New Book on Russian America?

Russia used to own Alaska and its explorers reached California, establishing a settlement, Fort Ross, near San Francisco, trading with the Spanish settlers. They sold it 7 years before the Gold Rush, after the driving force behind the effort, Nikolai Rezanov, died of a disease.

But what if that colony, and Russian settlement in Pacific America, had succeeded? I'm considering translating (Russian to English) a new book by Kirill Eskov on the subject. Would there be interest in such a story?
 
There's another AH book called "Russian Amerika" written by an American author about a similar premise, but the PODs seem to include a Southern victory in the Civil War, the US fragmenting, and the Russians holding on to Alaska and eventually parts of the Canadian Yukon Territory and British Columbia as their own. But Fort Ross remaining a viable settlement? That should really shake things up.

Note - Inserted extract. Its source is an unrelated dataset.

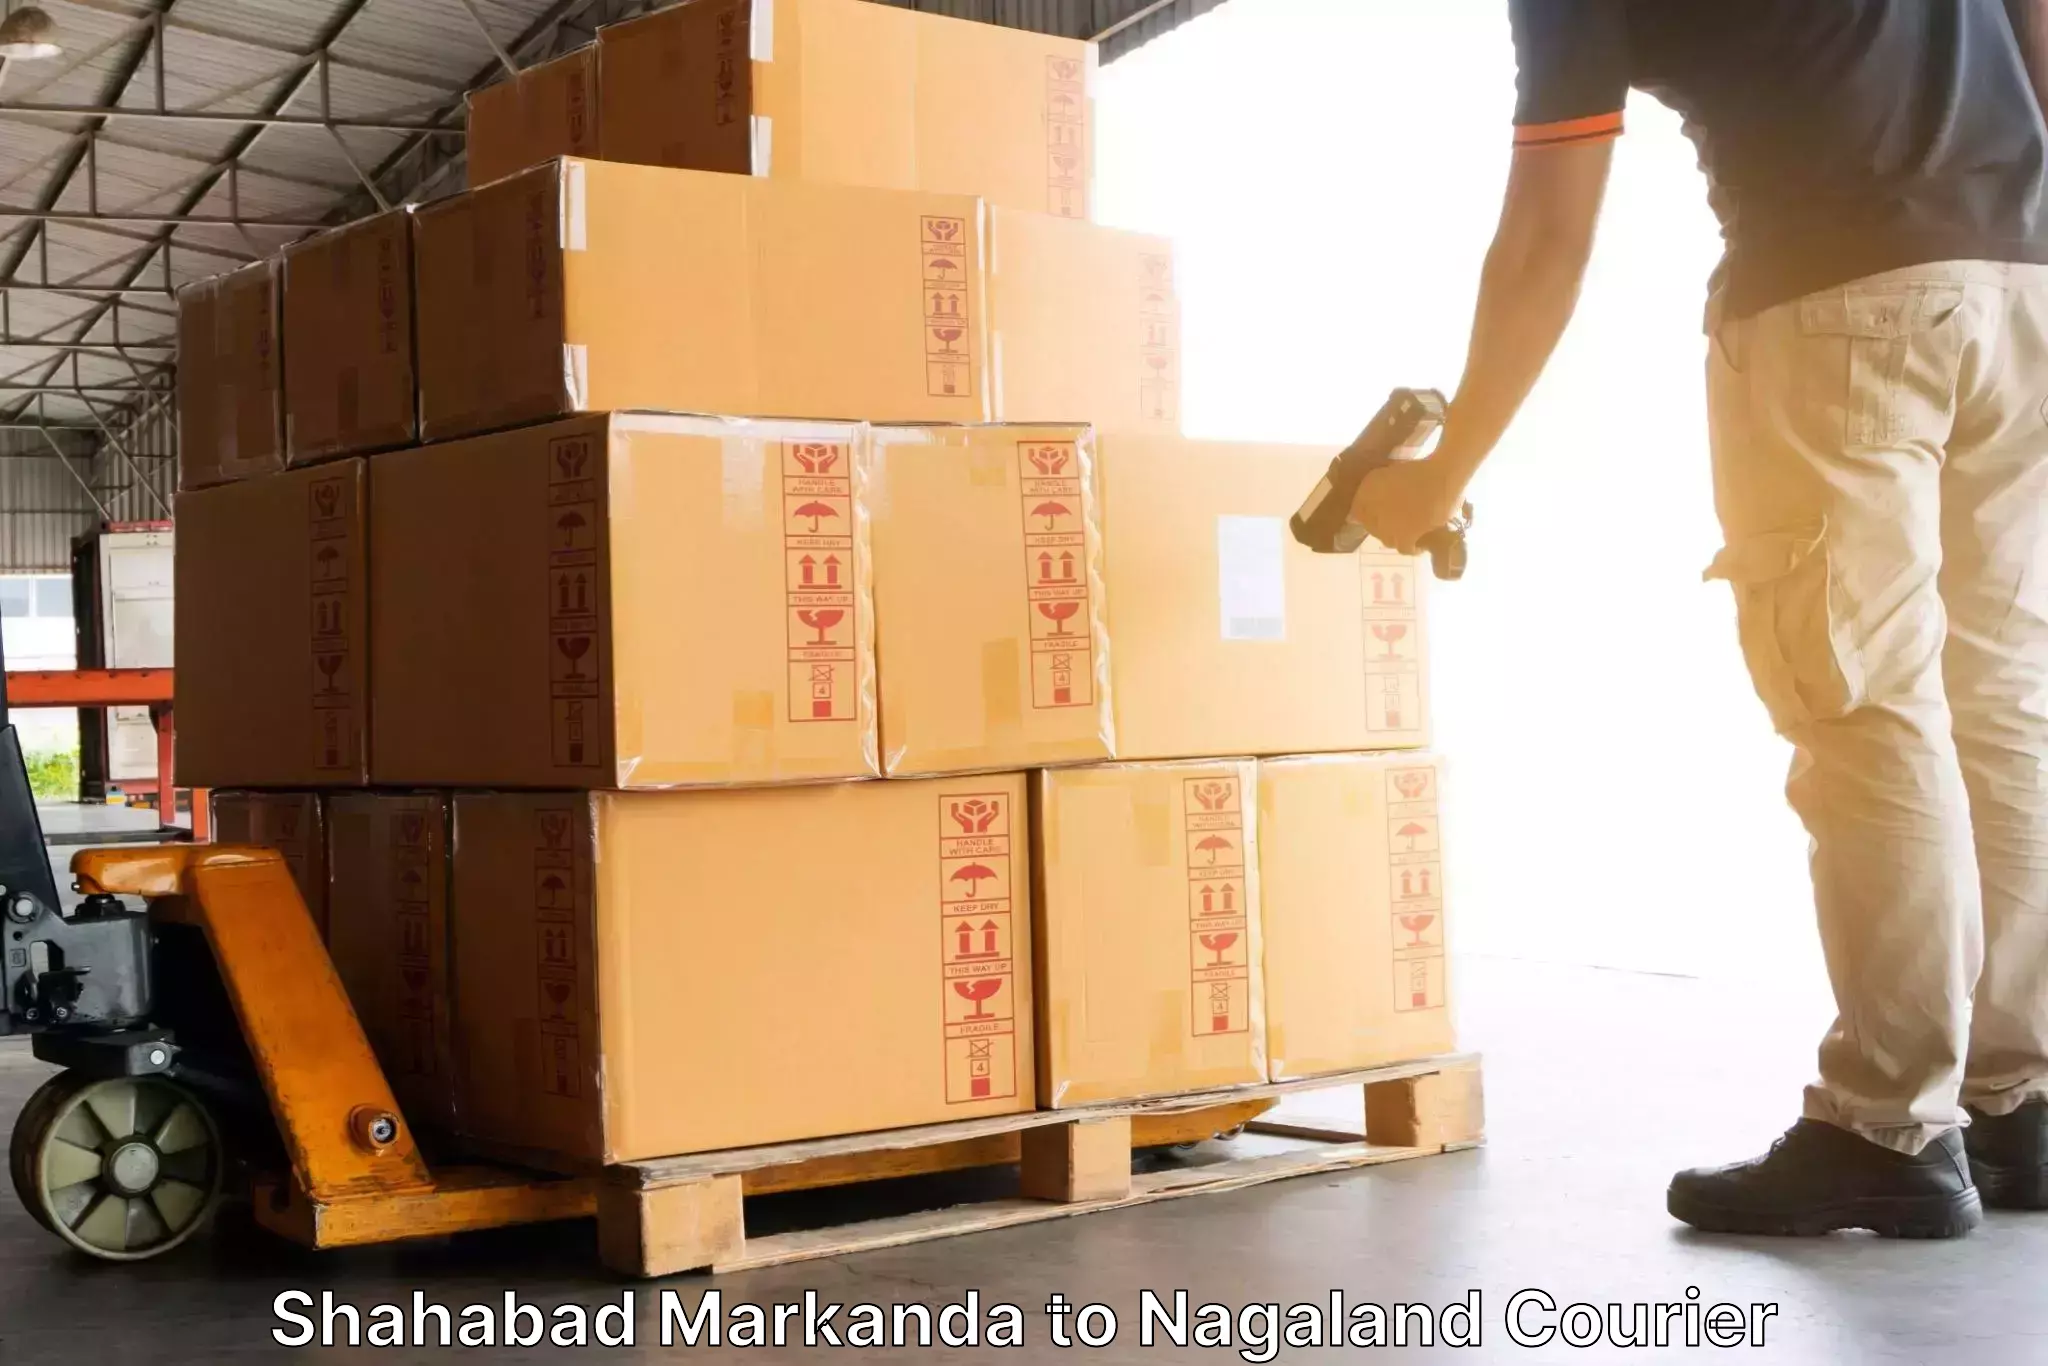 Express delivery network Shahabad Markanda to Nagaland

I'm intrigued. Is there any further summary you could possibly give?
 
The idea is that a far-sighted Russian noble established a Russian colony that evolved into a trade republic, being too far from the motherland for it to clamp down on such innovations. Eventually -- to counter wishful Russian thinkers -- rather than becoming a Russian imperial beachhead in America, it stages its own version of the Boston Tea Party.

There's a lot more, like a naval confrontation between the colony and Great Britain, which the former wins (!) in a kind of jiu-jitsu. Oh, and there is a joint Indian-Cossack-fugitive black slaves territory in Texas.
 
There's another AH book called "Russian Amerika" written by an American author about a similar premise, but the PODs seem to include a Southern victory in the Civil War, the US fragmenting, and the Russians holding on to Alaska and eventually parts of the Canadian Yukon Territory and British Columbia as their own. But Fort Ross remaining a viable settlement? That should really shake things up.

I'm intrigued. Is there any further summary you could possibly give?

"Russian Amerika" is by Stoney Compton and is set in 1947. Here's the author's summary of "Amerika":


Amerika (Reload Game)
by Kirill Eskov

This novel is an alternative history (with steampunk elements) of a Russian America that might have been.

The time of action is autumn 1861. The four principal characters (Rastoropshin, an officer of Russian military intelligence; Vetlugin, traveller and naturalist from the Russian Geographical Society; Rivera, a bounty hunter employed by the Russian-American Company; and Padre Ignacio, prefect of the Jesuit mission in Texas) are introduced into the narration as 'units' from Sid Meyer's classical strategy games Civilization and Colonization: 'Scout', 'Adventurer', 'Assassin' and 'Jesuit Missionary'. Actions of the characters twice cause 'bifurcations' in the plot, directing the further course of history by different trajectories, precisely as can happen in a computer game after reloading.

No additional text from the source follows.